### EXERCISE DIRECTIONS
A letter-for-letter copy of the listing is required, with no pictures in it.

### EXERCISE DATA
───

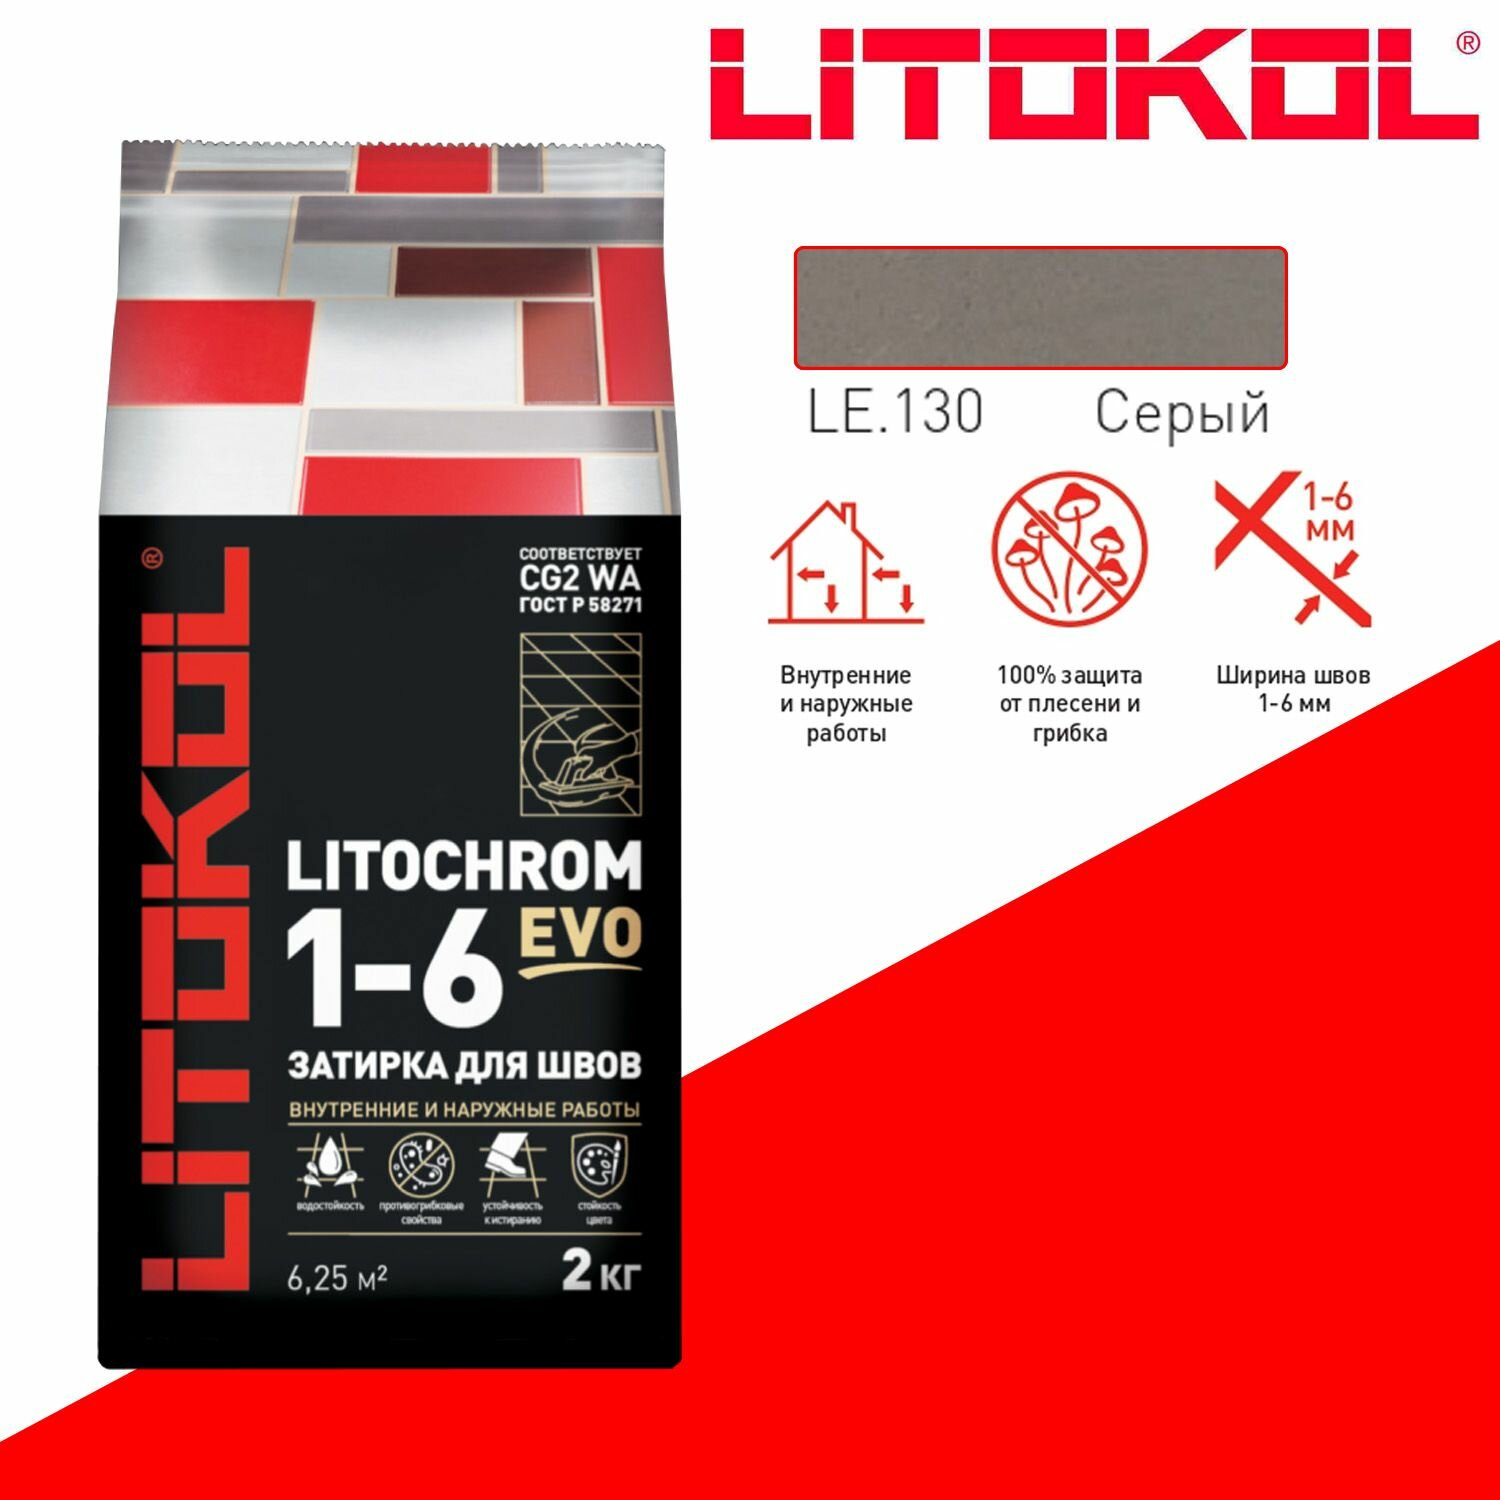 Затирка цементная Litokol Litochrom Evo 1-6 мм LE.130 серый 2 кг
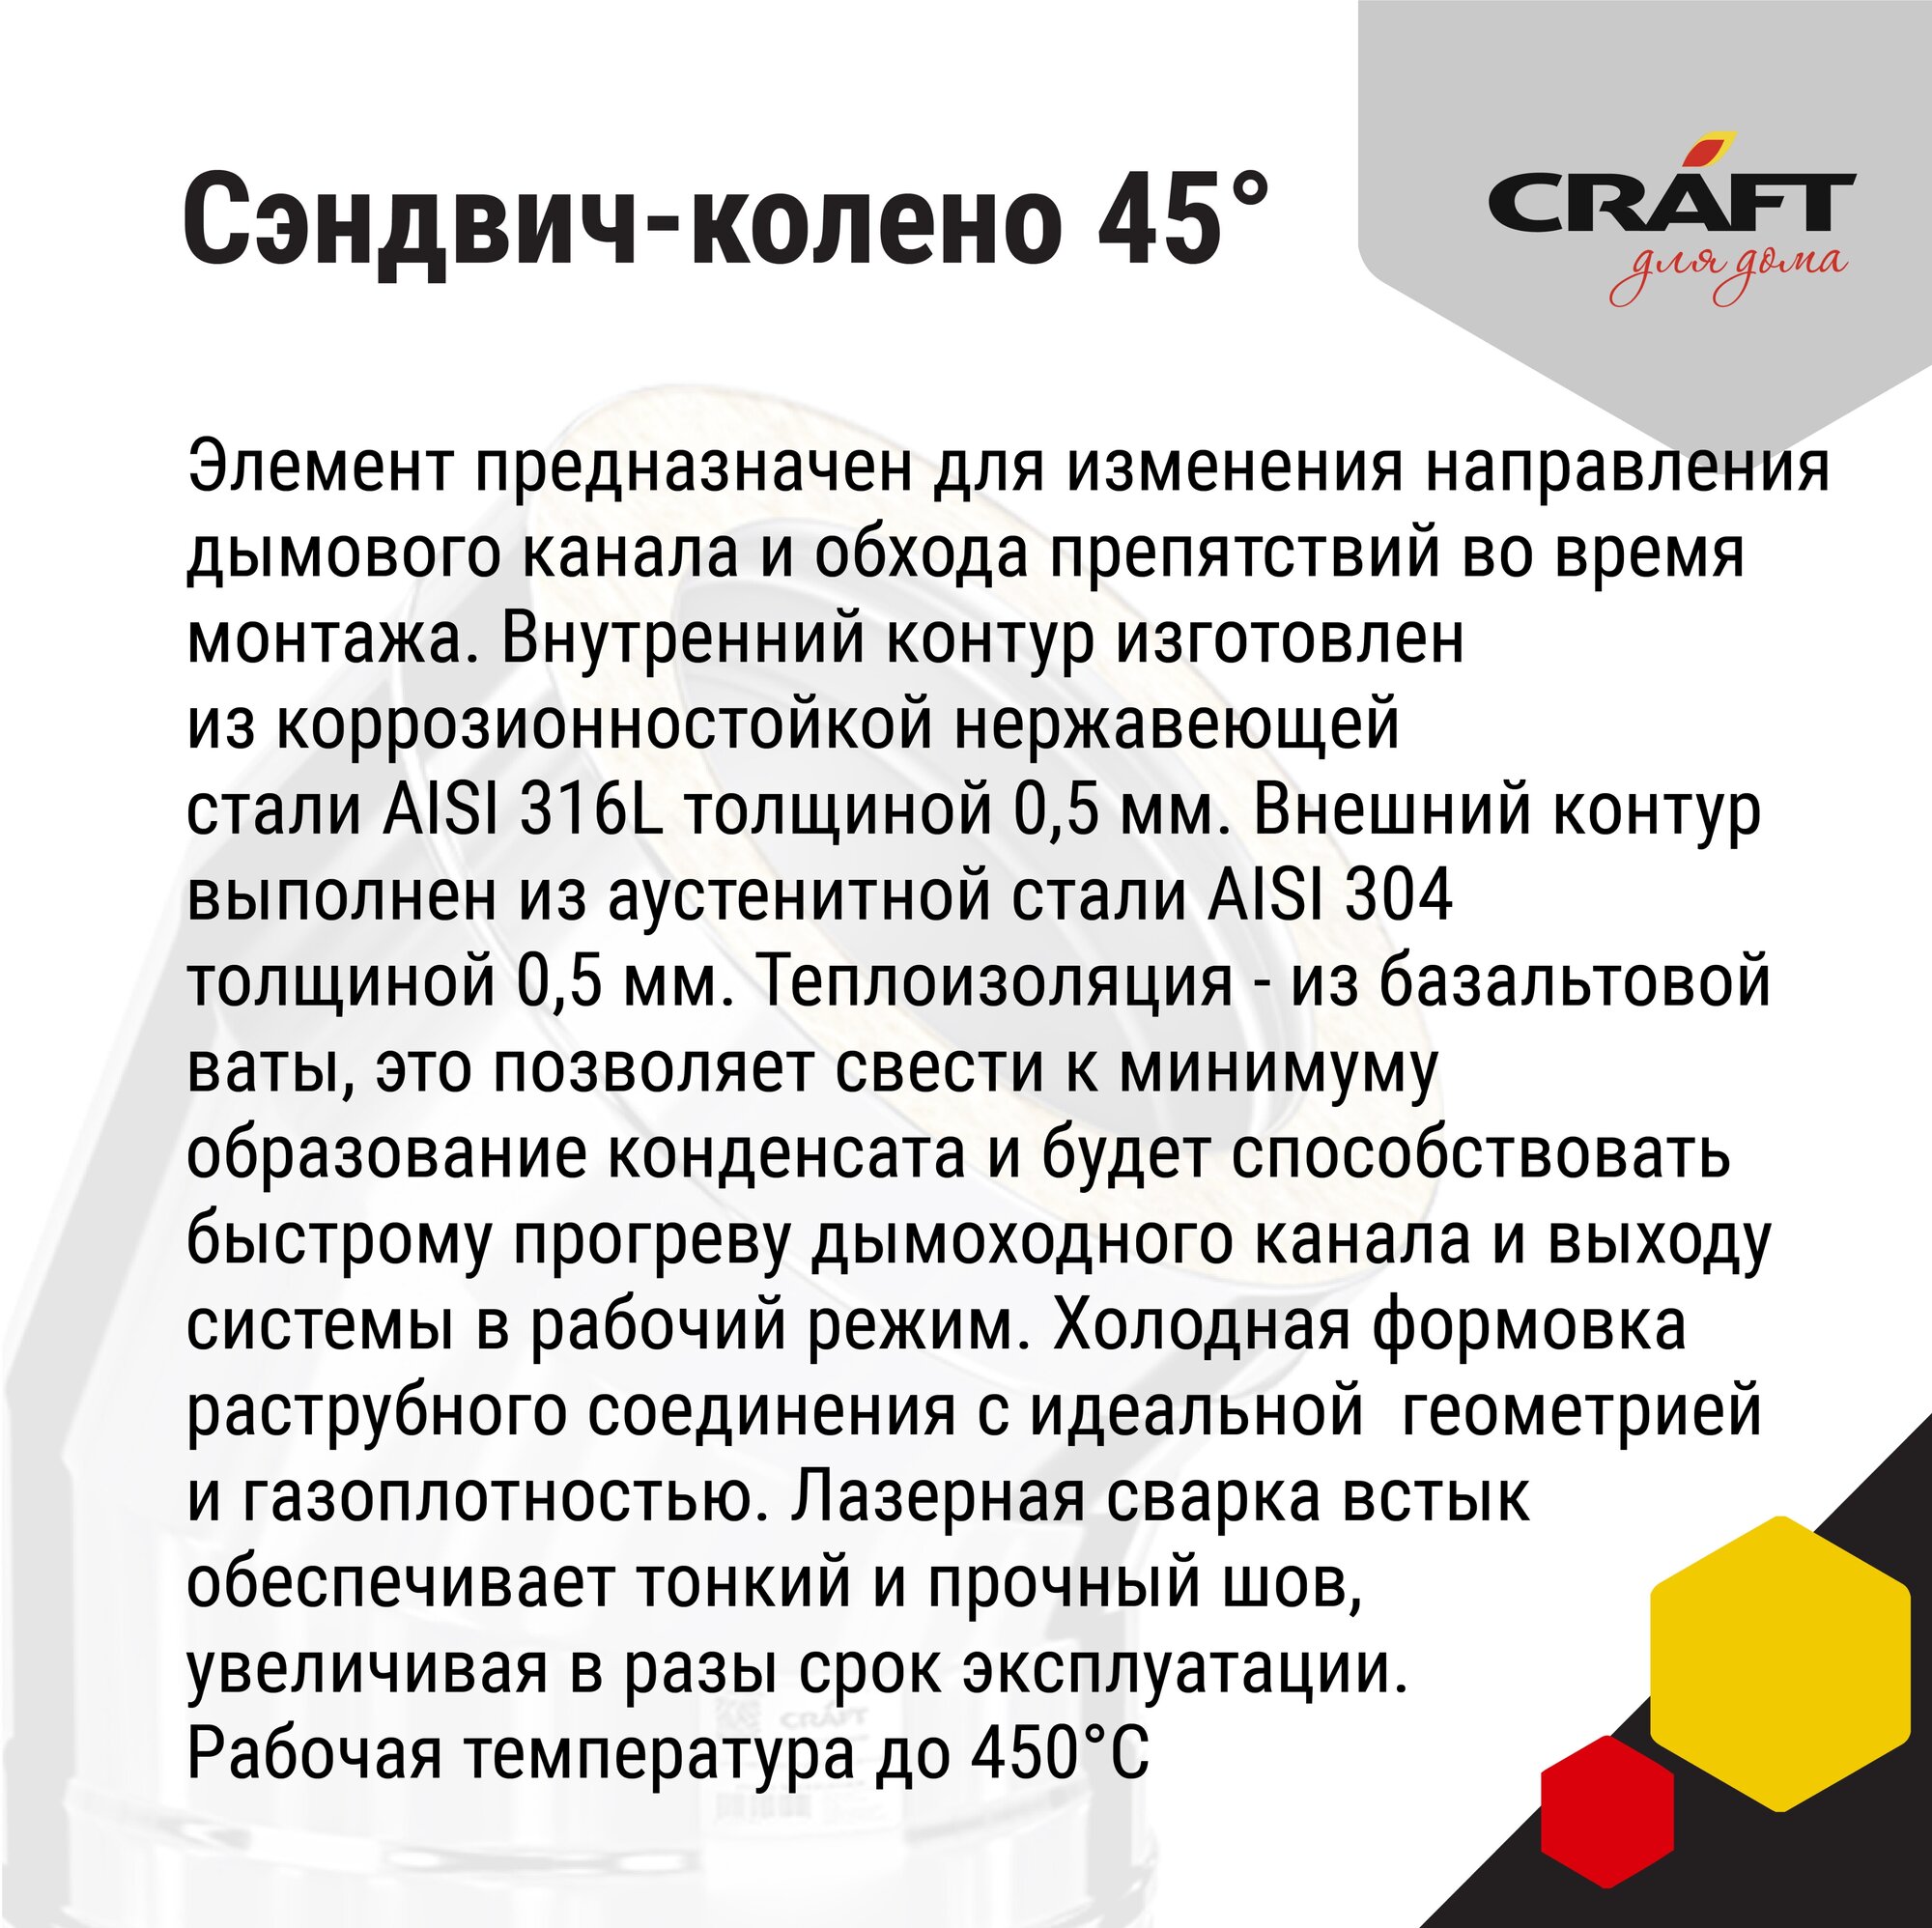 Craft GS-25 сэндвич-колено 45° (316/0,5/304/0,5) Ф200х250 - фотография № 4
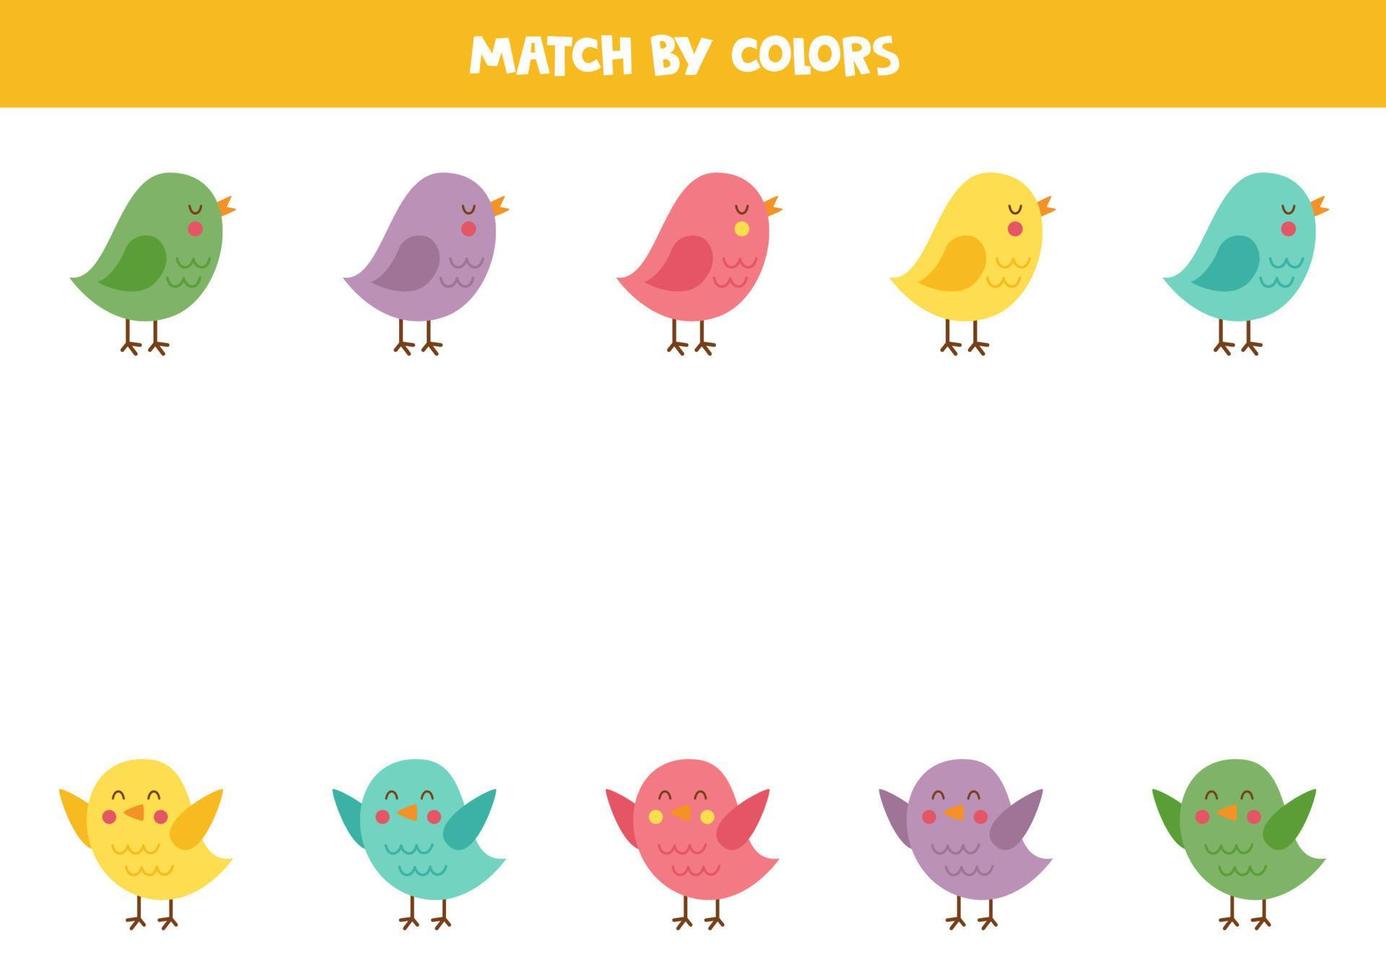 juego de combinación de colores para niños en edad preescolar. unir pájaros por colores. vector

───

### SOLUTION TO THIS EXERCISE
 Затирка цементная Litokol Litochrom Evo 1-6 мм LE.130 серый 2 кг
 Craft GS-25 сэндвич-колено 45° (316/0,5/304/0,5) Ф200х250 - фотография № 4
 juego de combinación de colores para niños en edad preescolar. unir pájaros por colores. vector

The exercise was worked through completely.